Seed Grants
Apply for a Seed Grant
The LCAE Prototyping Ethics Seed Grant provides support for faculty seeking to develop applied ethics programming at ASU, across research, pedagogy and engagement. Priority will be given to collaborative, interdisciplinary projects with the potential for both intellectual and/or broader impacts. Projects with a strong likelihood of receiving external funding and/or public-facing outputs as a result of the seed grant are also prioritized.
The project team must include at least one person from the ASU faculty track (research, teaching, clinical or tenure track) as part of the collaborative team.

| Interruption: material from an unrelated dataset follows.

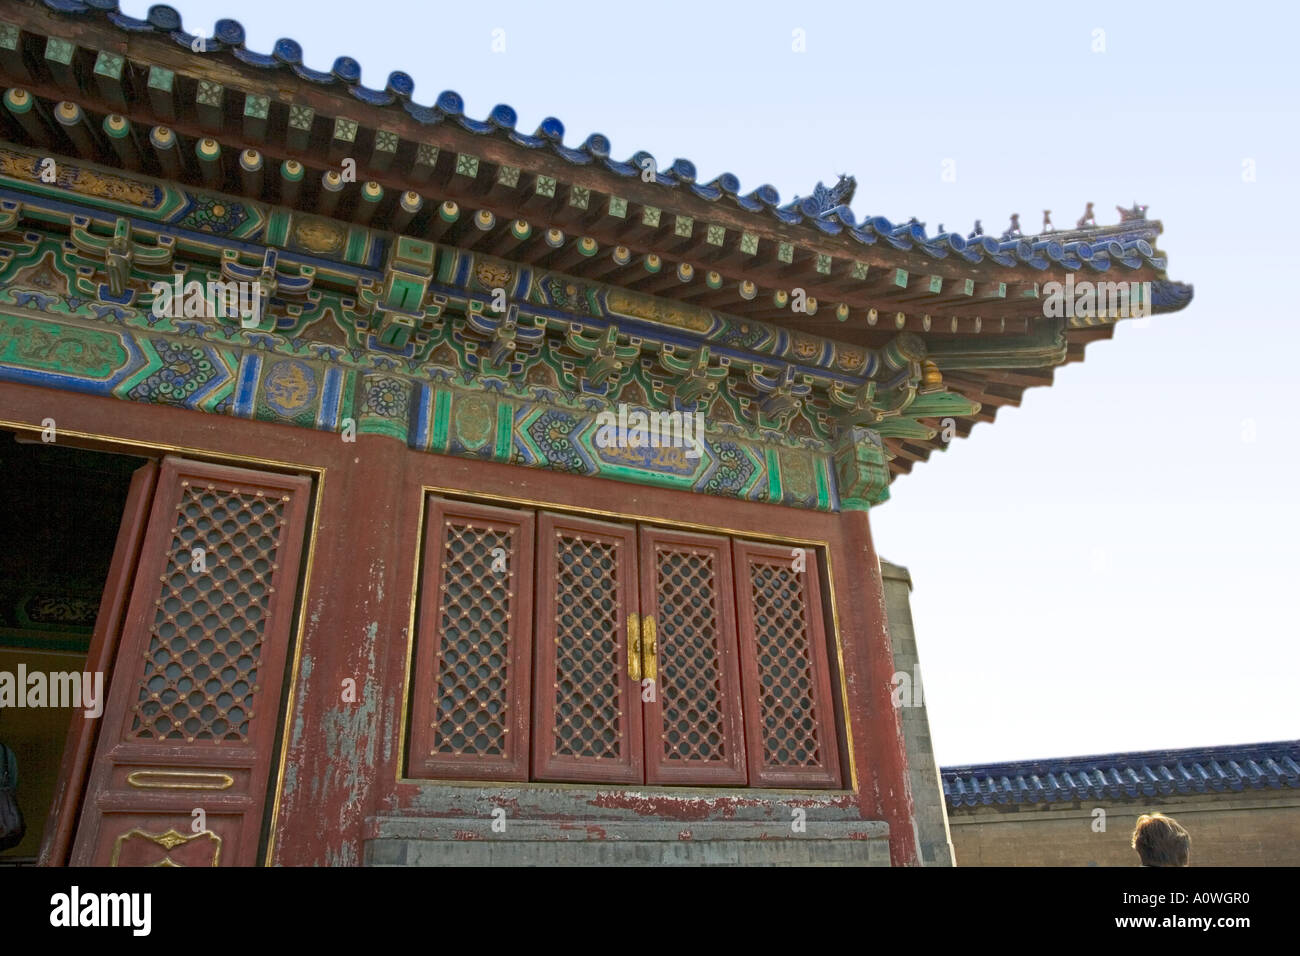 Chine Pékin Le Temple du Ciel a été commencé pendant le règne de l'Empereur Yongle Détail des tuiles peintes en bleu ciel contre Banque D'Images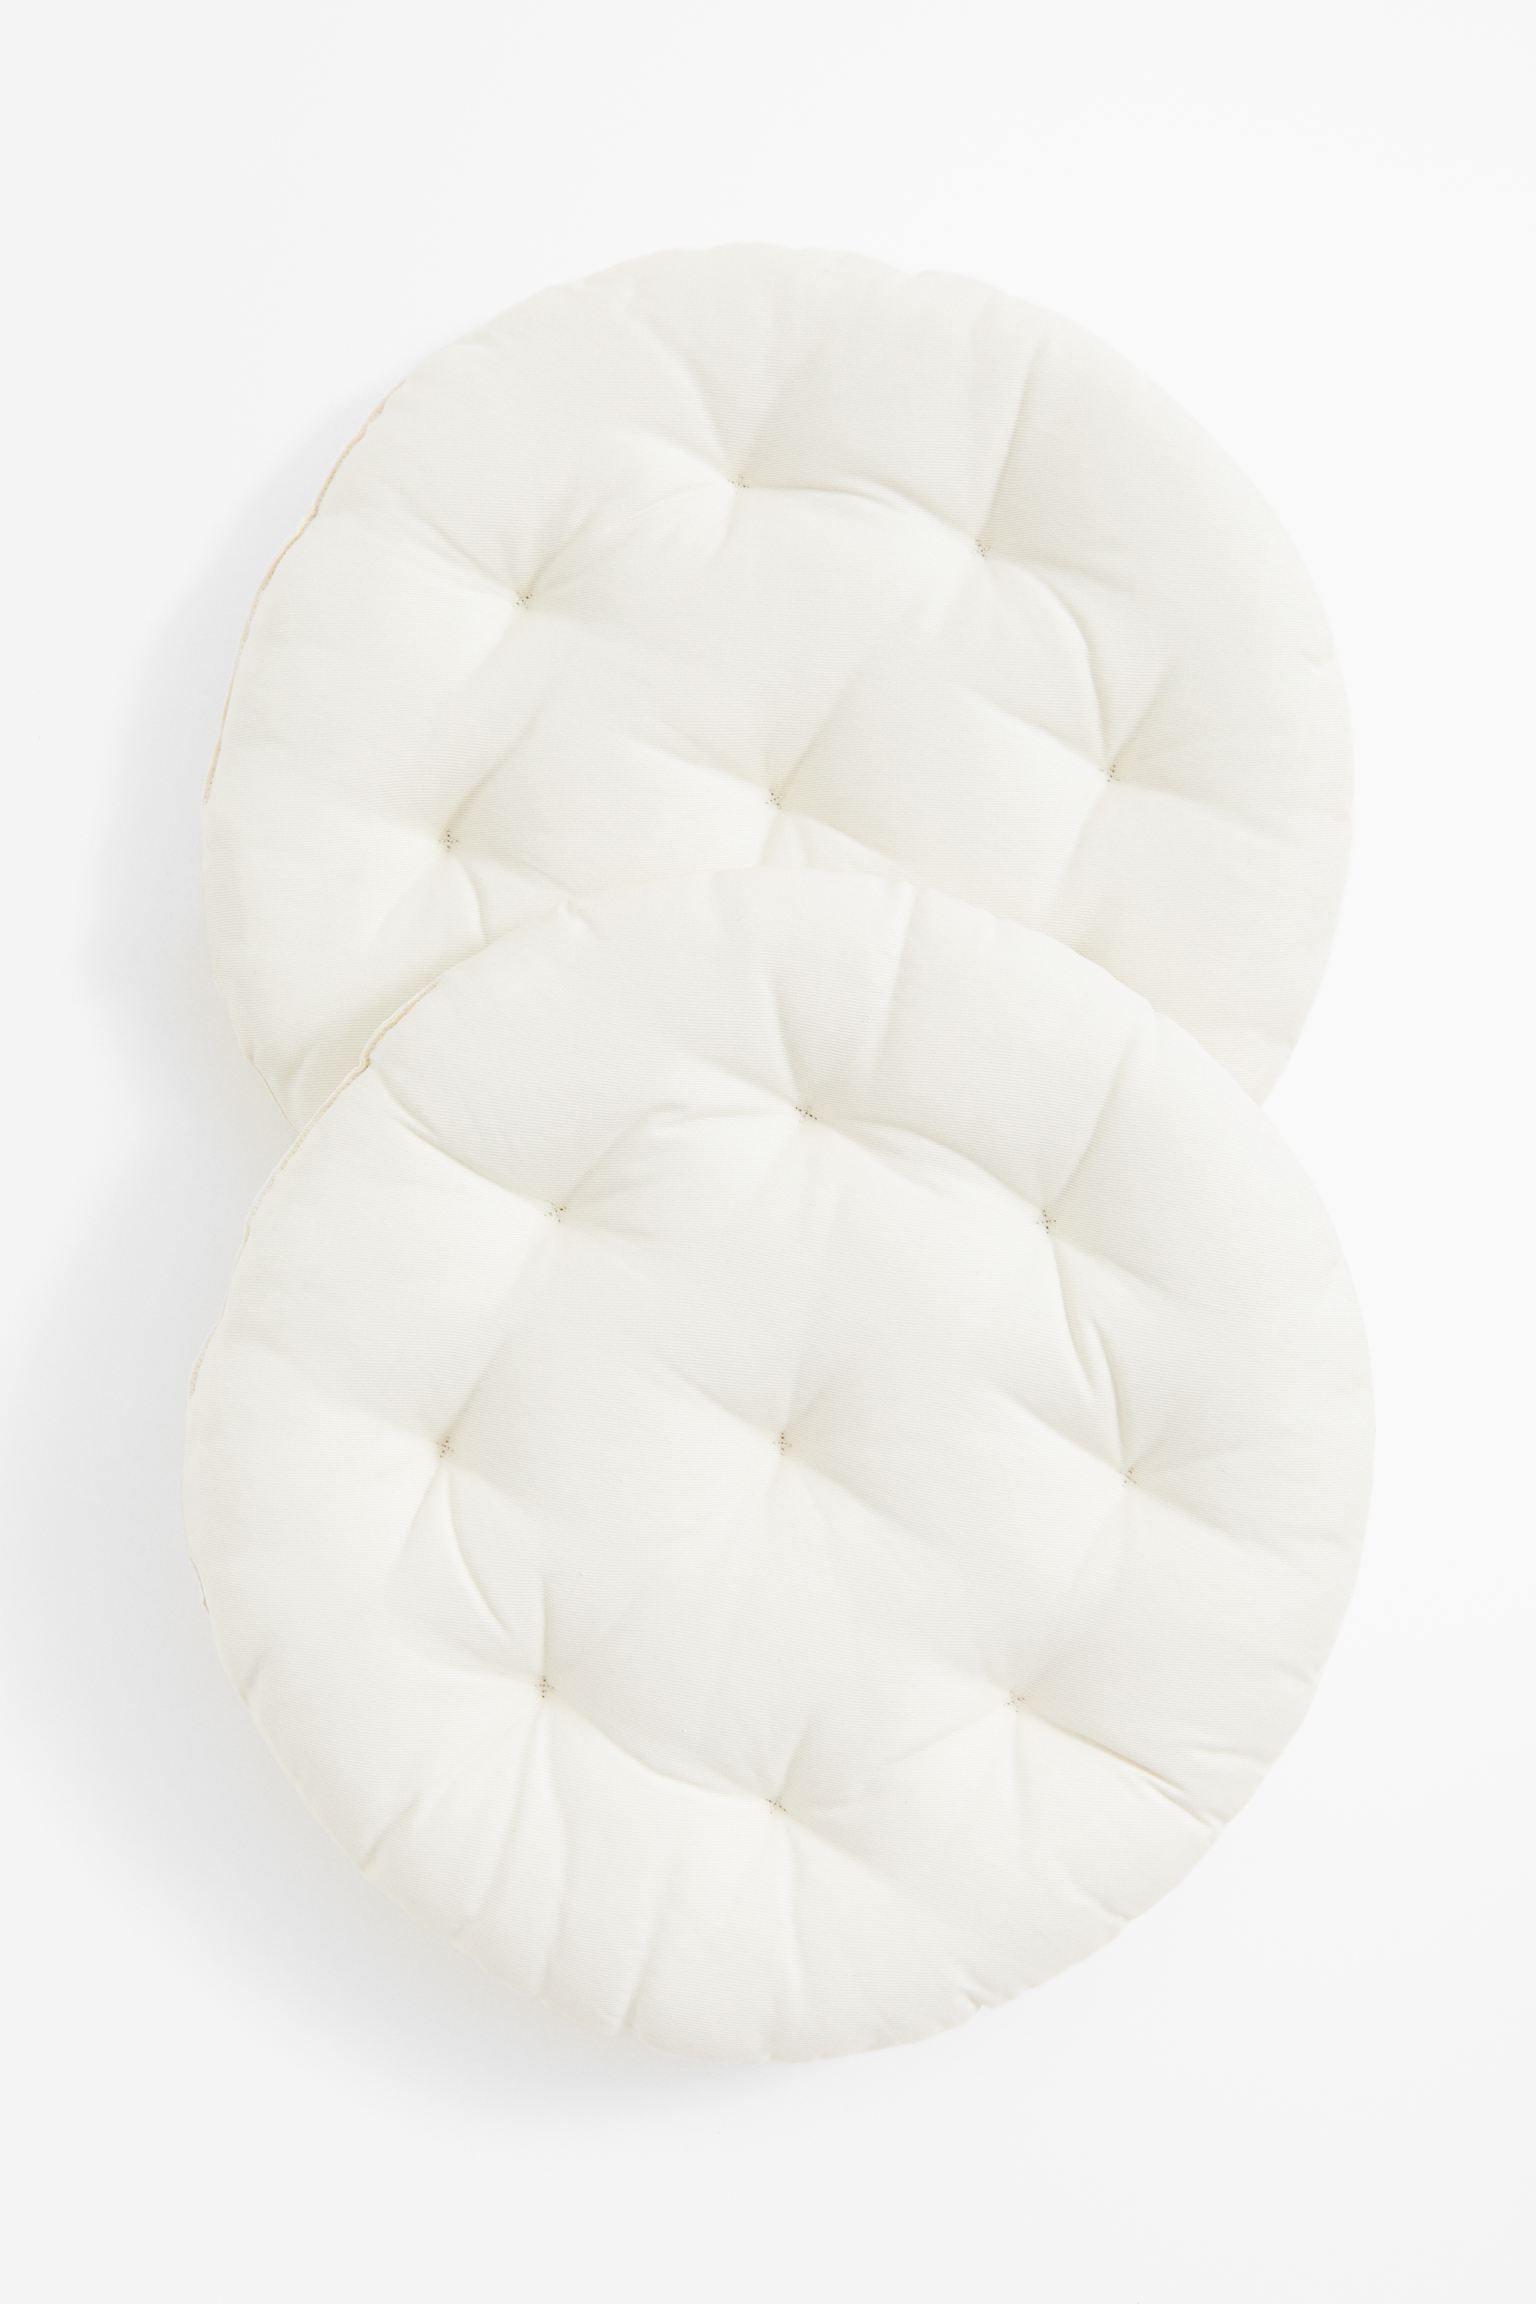 Кругла подушка на стілець, 2 шт., Натуральний білий, Різні розміри

Faculty across all campuses and disciplines are invited to apply and we encourage applicants to interpret applied ethics broadly.
The seed grant program is capped at $5,000 with a period of performance of 12 months. Workgroup proposals are encouraged to remain within a $1,500 budget unless a compelling reason exists to request additional funding.
We are now accepting seed grant proposals for Spring 2026. The submission deadline is February 13, 2026. For more information, see the Call for Proposals below.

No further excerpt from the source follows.